Business Sellout, Business Exit, Business Retirement & Succession Planning
Selling products and selling business:
All the life businesspersons sell their products. They very well know all the aspects of selling their products including who are the clients, how to approach the clients, where to find the clients, what value my business adds to the clients, how to price my product, what should be the payment terms, how to change the prices depending upon the market situation, etc. The promoters of the the medium and mid size enterprises are very confident throughout their life about their marketing skills. However, we get a shock of life when personal circumstances or strategic objectives require them to sell the business. Selling a business is entirely different from selling the products of a business. These two things require entirely different types of skills. This is because, as a product, a business is a very different type of good and a typical technocrat businessman does not have any experience of selling it.
Liquidity and exit:
A private limited business is the most illiquid asset on the planet. This specifications and configuration of each business are widely different. You cannot find a matching business for an another business to price them exactly equally. The number of parameters that differentiate between two businesses run into thousands and thousands.
Understanding investor perspective:
This is not all. A new investor may not be able to run a private limited business as the Goodwill of promoter is not reflected in any of the financial statements. The compliances for Private Limited businesses are very less; during the operational years they don’t feel like compiling a lot of information even for internal storage or use; and technocrat promoters do not know what are the parameters that are important to the investors. Investors find it very risky to invest in a private limited business on account of many reasons.
Some of them are:
a) The investor may have a short-term outlook and it is very difficult for the incumbent to exit after the investment Horizon.
b) The investor cannot take out the money in emergency by selling the shares of private limited company quickly.
c) There is hardly any information available in the public domain to understand the exact risk of the business.
d) The financial performance of a private limited company may not be correctly reflected in the books of accounts because of related party transactions, lack of correlation between salaries and dividends, absence of any third party director, etc.
e) It is very difficult for investor to compute the existing, provisional, and contingent liabilities offer Private Limited business before accepting the valuation.
f) If the investor is not from the same business background, it is very difficult for him or her to understand the merits and potential of the business.

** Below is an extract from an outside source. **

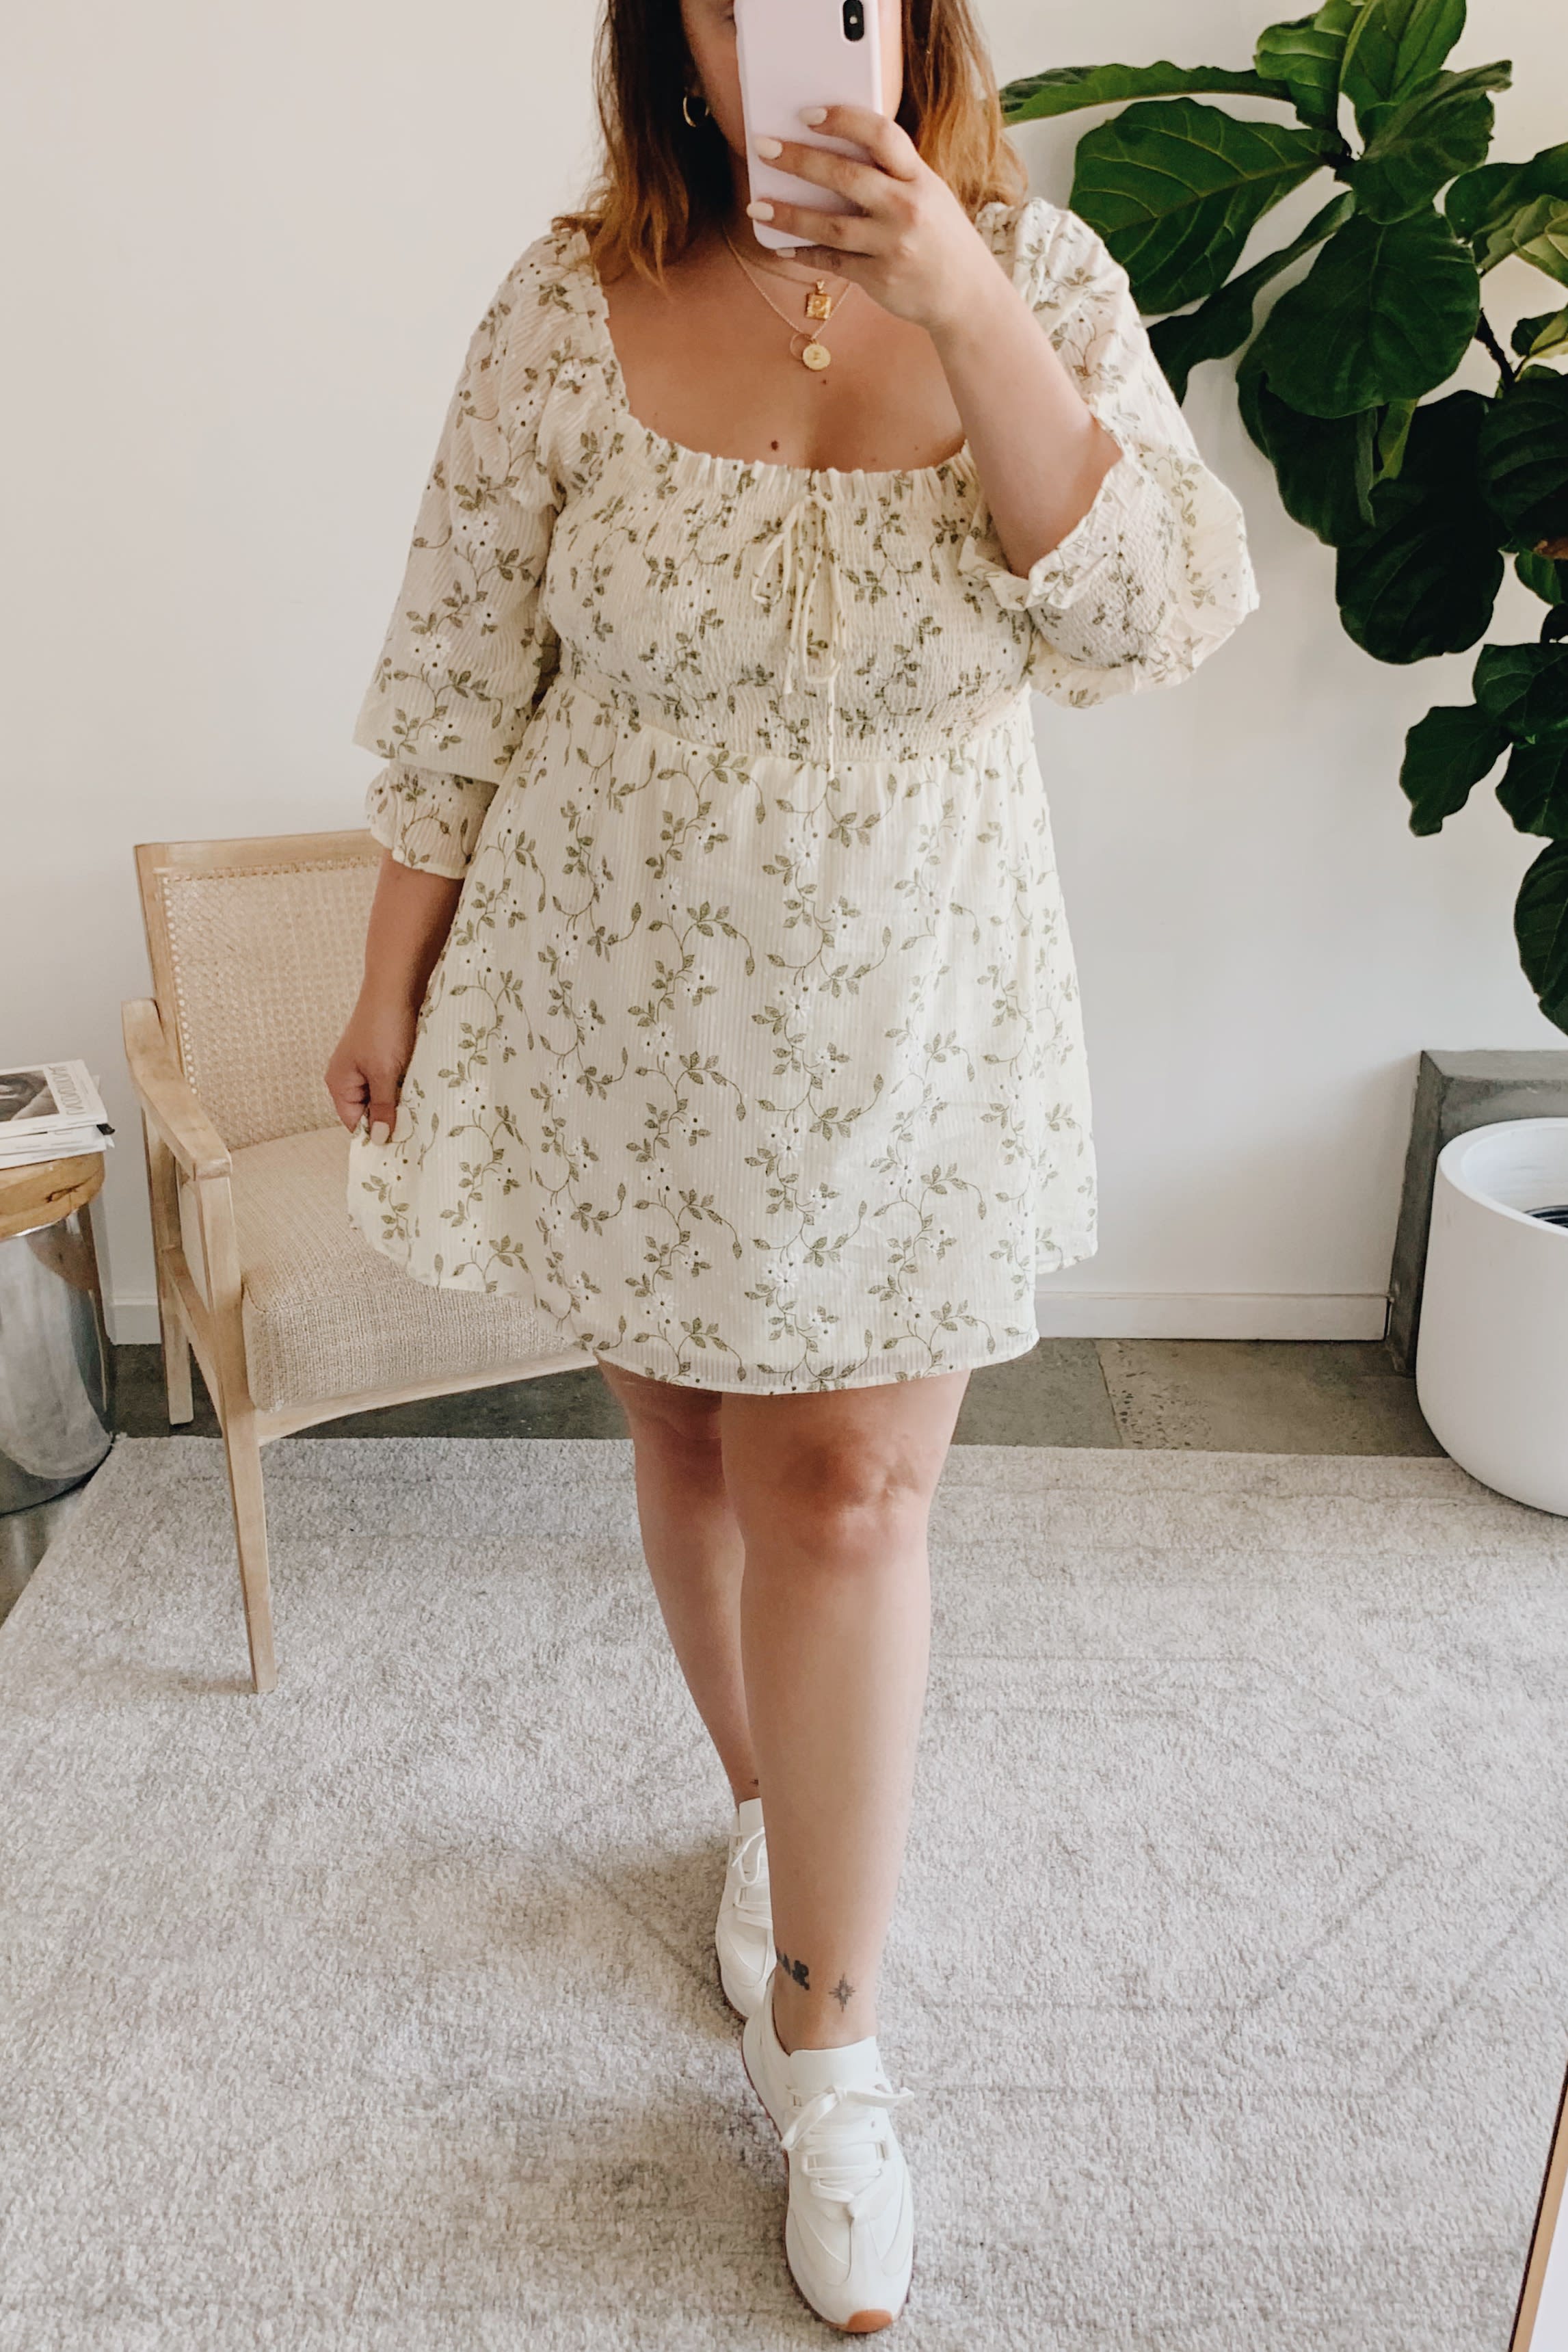 How To Wear Dresses And Sneakers: 11 Cute Outfit Ideas - Lulus.com Fashion  Blog

g) It is very difficult to determine the existing impact of fund shortage before the investment and to bet on the growth if adequate investment is made.
h) The language of corporate management, strategic management, transaction management, financial management, valuation, investment contract, investment process is entirely new to the technocrat promoter who has grown the company gradually. It becomes very difficult for an investor to interact with the businessman it becomes a strange case to bargain with a person who won one hand is highly knowledgeable about operating the business but hardly has any knowledge on how to sell the business or how to dilute the control.
i) The business has so far never seen an outsider investor, decision maker, profit taker or a person having independent opinions coming to share control or buy control from a single point decision-making authority that laid the company for so many years.
Importance of control:
The valuation of a business is is not directly proportional to the percentage of shareholding. There are certain threshold levels that enable the shareholders to take different type of important decisions and control the way company runs. Sharing of control between unrelated, unknown people is considered difficult at least in the medium and mid size businesses. If the valuation of 50% control is rupees 50, then valuation of 49% shareholding maybe Rs. 42 to 45 and the evaluation of 51% control would be from Rs. 55 to 60. This is not exact, but the control premiums and discounts may vary widely.
Investor preference for 100% sellout:
Many investors prefer hundred percent sellout to operate the business in the future without any interference. Do this is not true for all the businesses, there are exactly opposite strategies in the market, if the promoters have unique personal strengths and a reputation in the market, and also if the business is not very typical the investors would like to retain the the existing promoters as co-owners.
Why, how & when to completely sell the business?
How do you decide whether to sell the business completely? When to sell it completely? Whether to sell it now or some other time? Whether to sell it after doing some investment or as it is? Enroll for a counselling session with Apohan Corporate Consultants for decision making. Overall, you should be guided by individual objectives, business objectives, financial objectives of the business, individual financial objectives, personal circumstances and principle of maximization of personal financial networth.
Important considerations for sellout:
a) Slump sale or share transfer: This tells you whether you want to retain the corporate identity for want to depart with it.
b) Personal securities and guarantees: When you sell or dilute your control, you should get your personal securities and guarantees released from the lenders. If you are partially remaining in the business, all the stakeholders should provide securities and guarantees in the proportion of ownership.
c) Hand holding: The promoters are we face of the business; the new investors cannot run the business without their involvement for some initial period. In case of 100% sale, you can ask for Salary at the market level for doing this work.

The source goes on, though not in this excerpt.